Start of Block
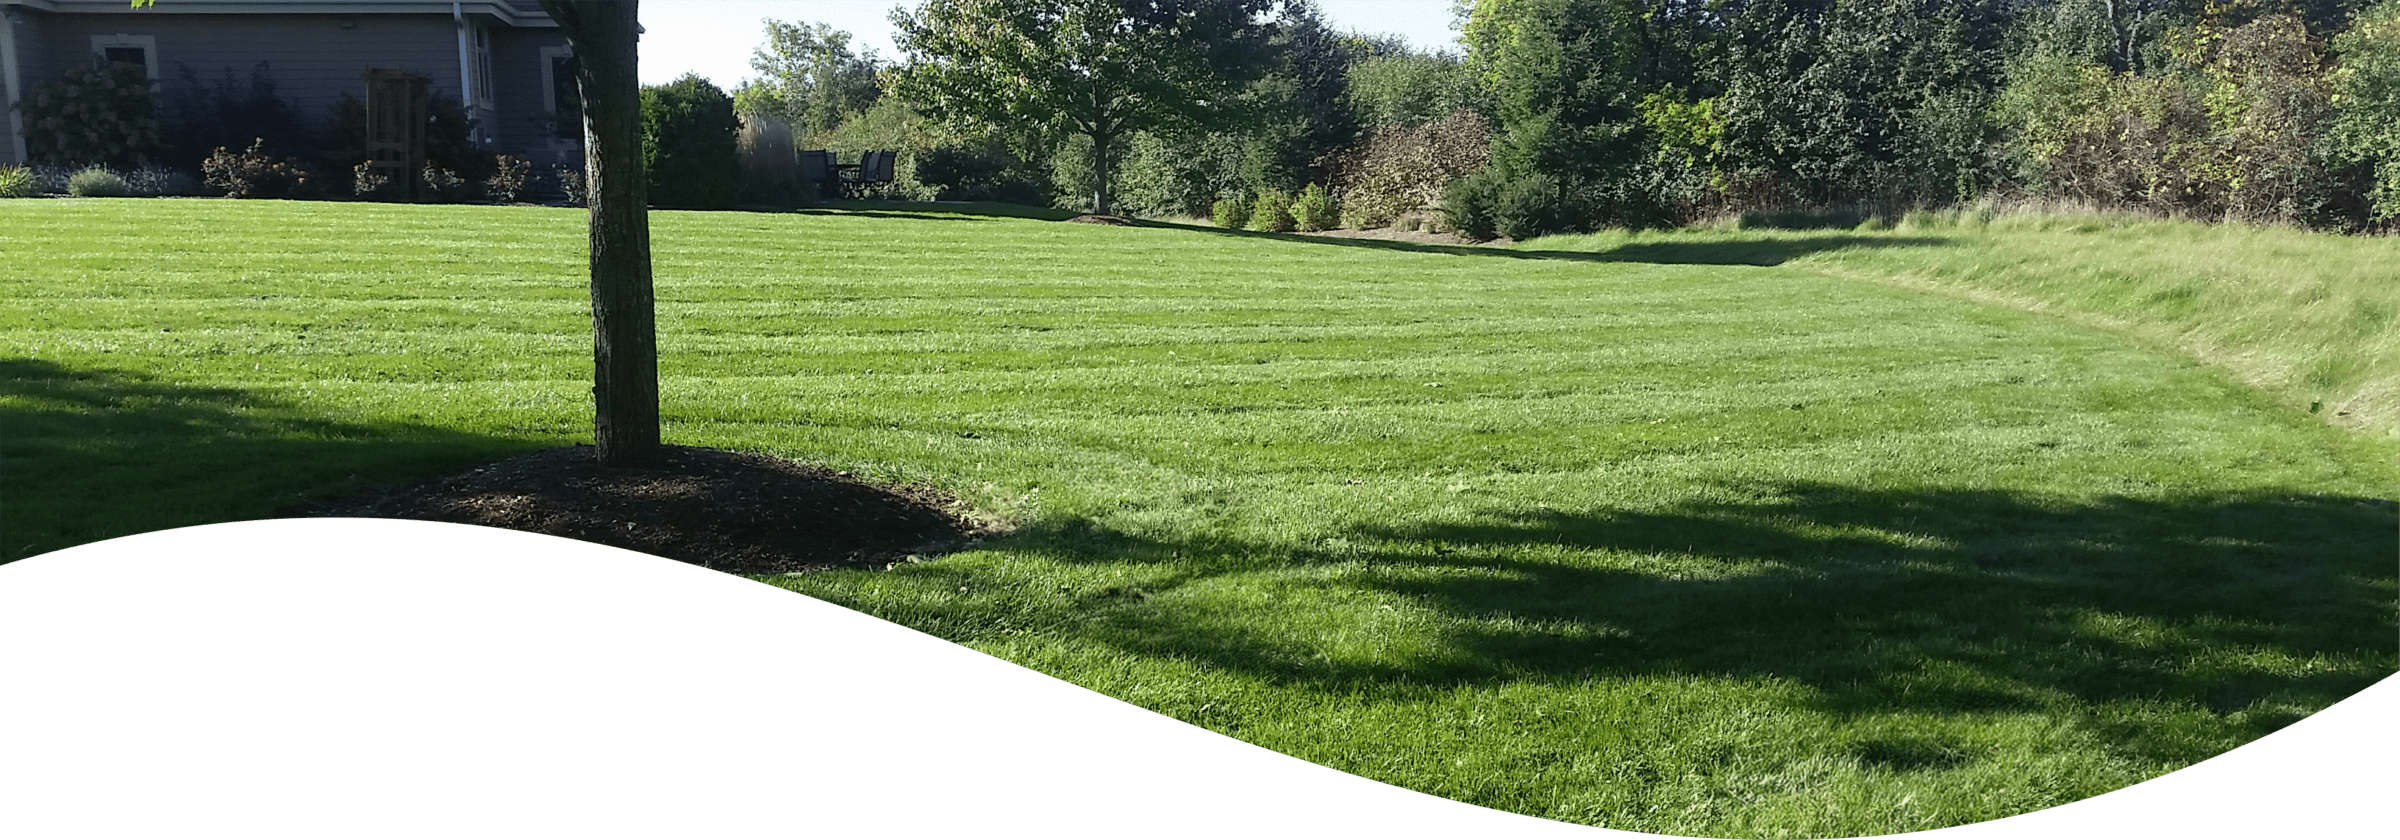 This image shows a neatly mowed lawn with a pattern of stripes, a young tree in mulch, patio furniture in the distance, and surrounding trees.
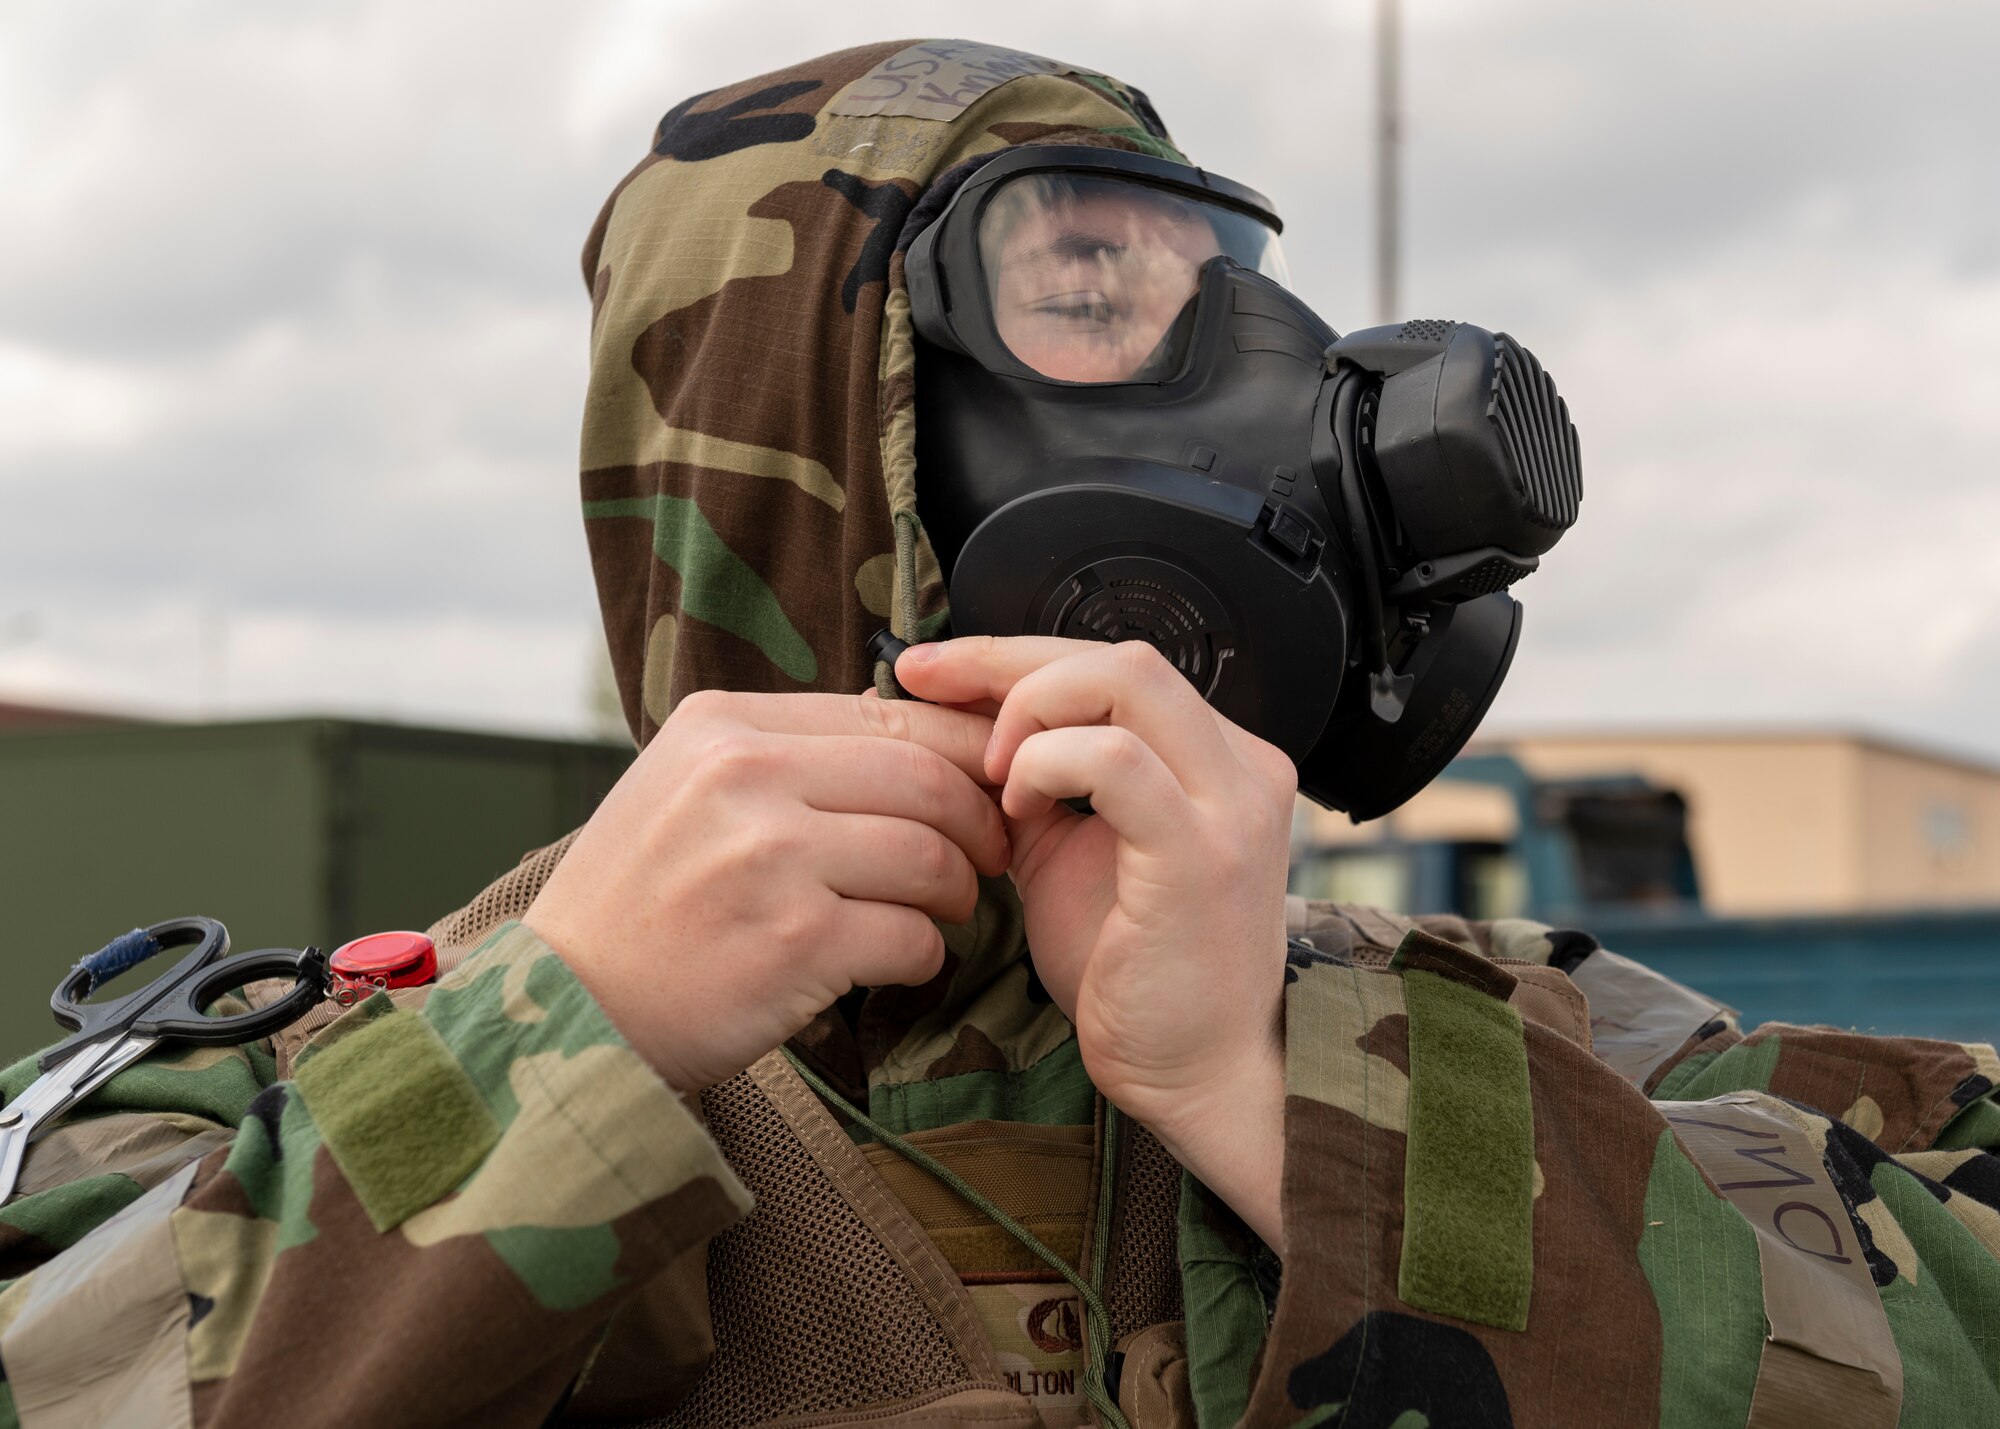 A head shot of an airman donning protective gear
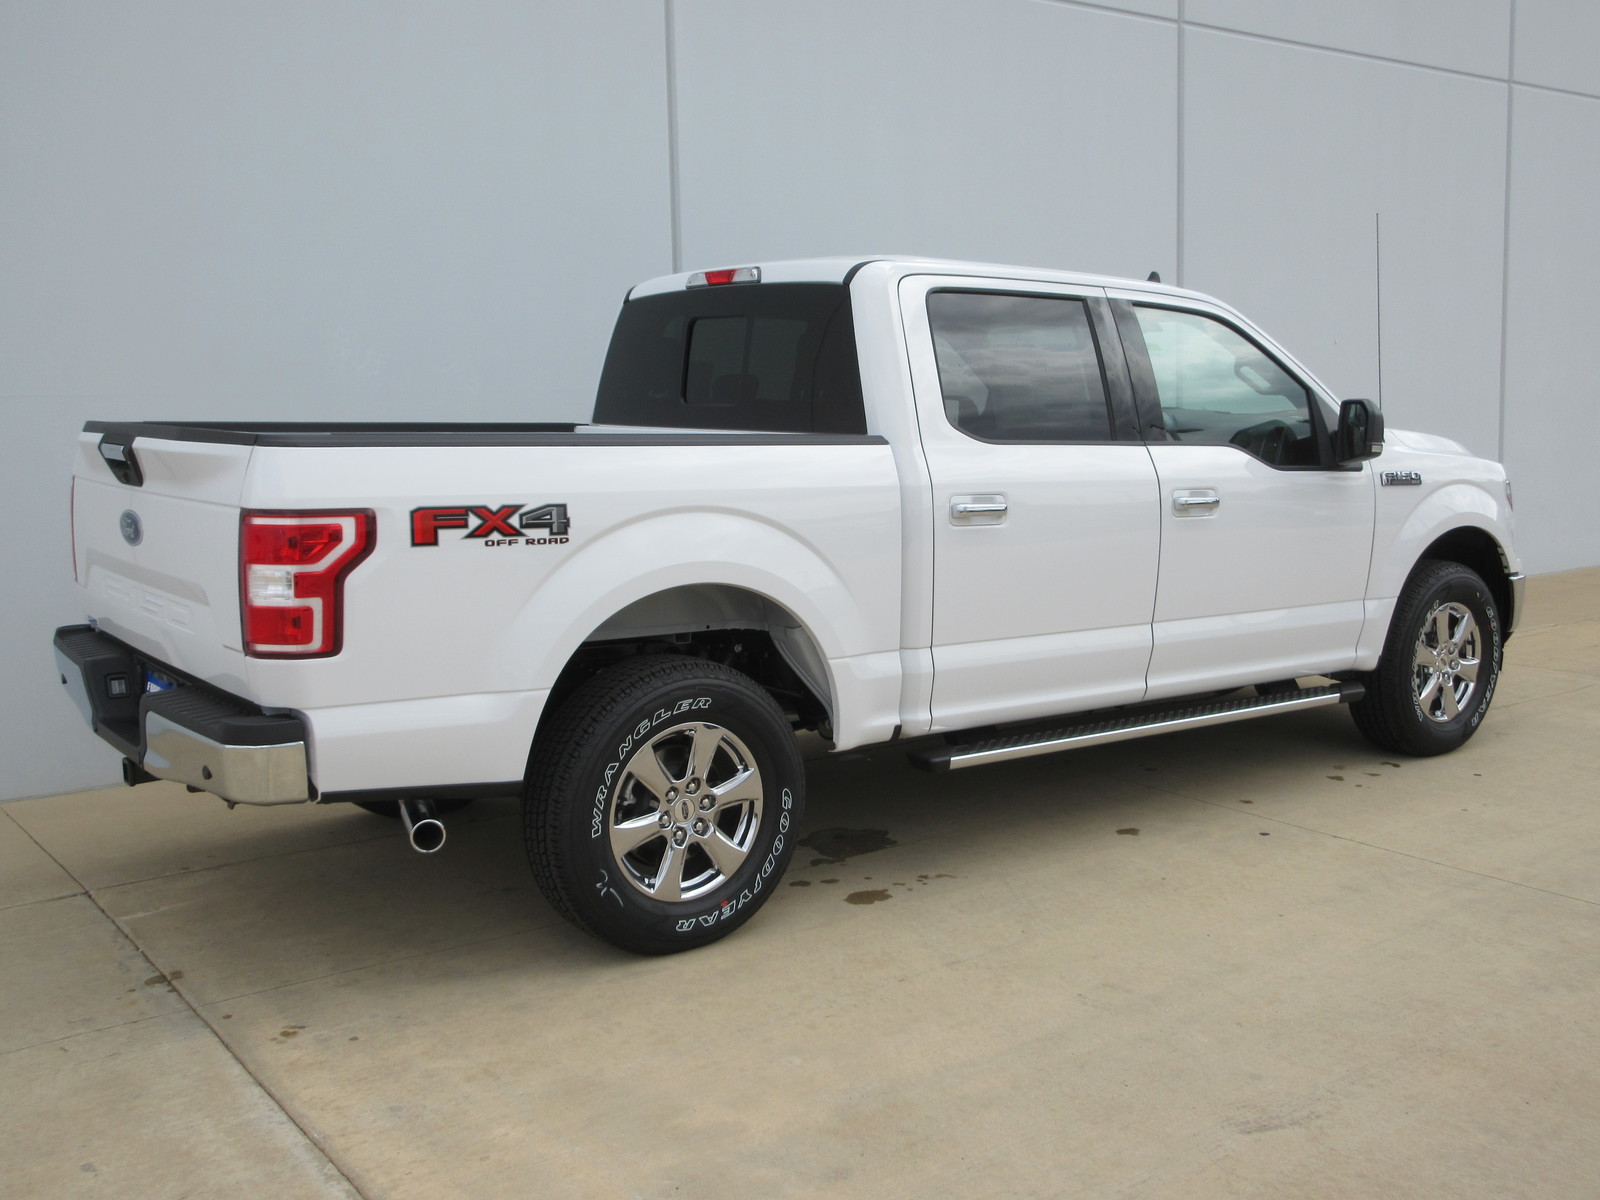 New 2019 Ford F 150 Xlt 4wd Supercrew 55 Box Crew Cab Pickup In Savoy
End of Block
Brief:
Only the text of the listing above should be copied, exactly and with pictures left out.

Exercise result:
 This image shows a neatly mowed lawn with a pattern of stripes, a young tree in mulch, patio furniture in the distance, and surrounding trees.
 A head shot of an airman donning protective gear
 New 2019 Ford F 150 Xlt 4wd Supercrew 55 Box Crew Cab Pickup In Savoy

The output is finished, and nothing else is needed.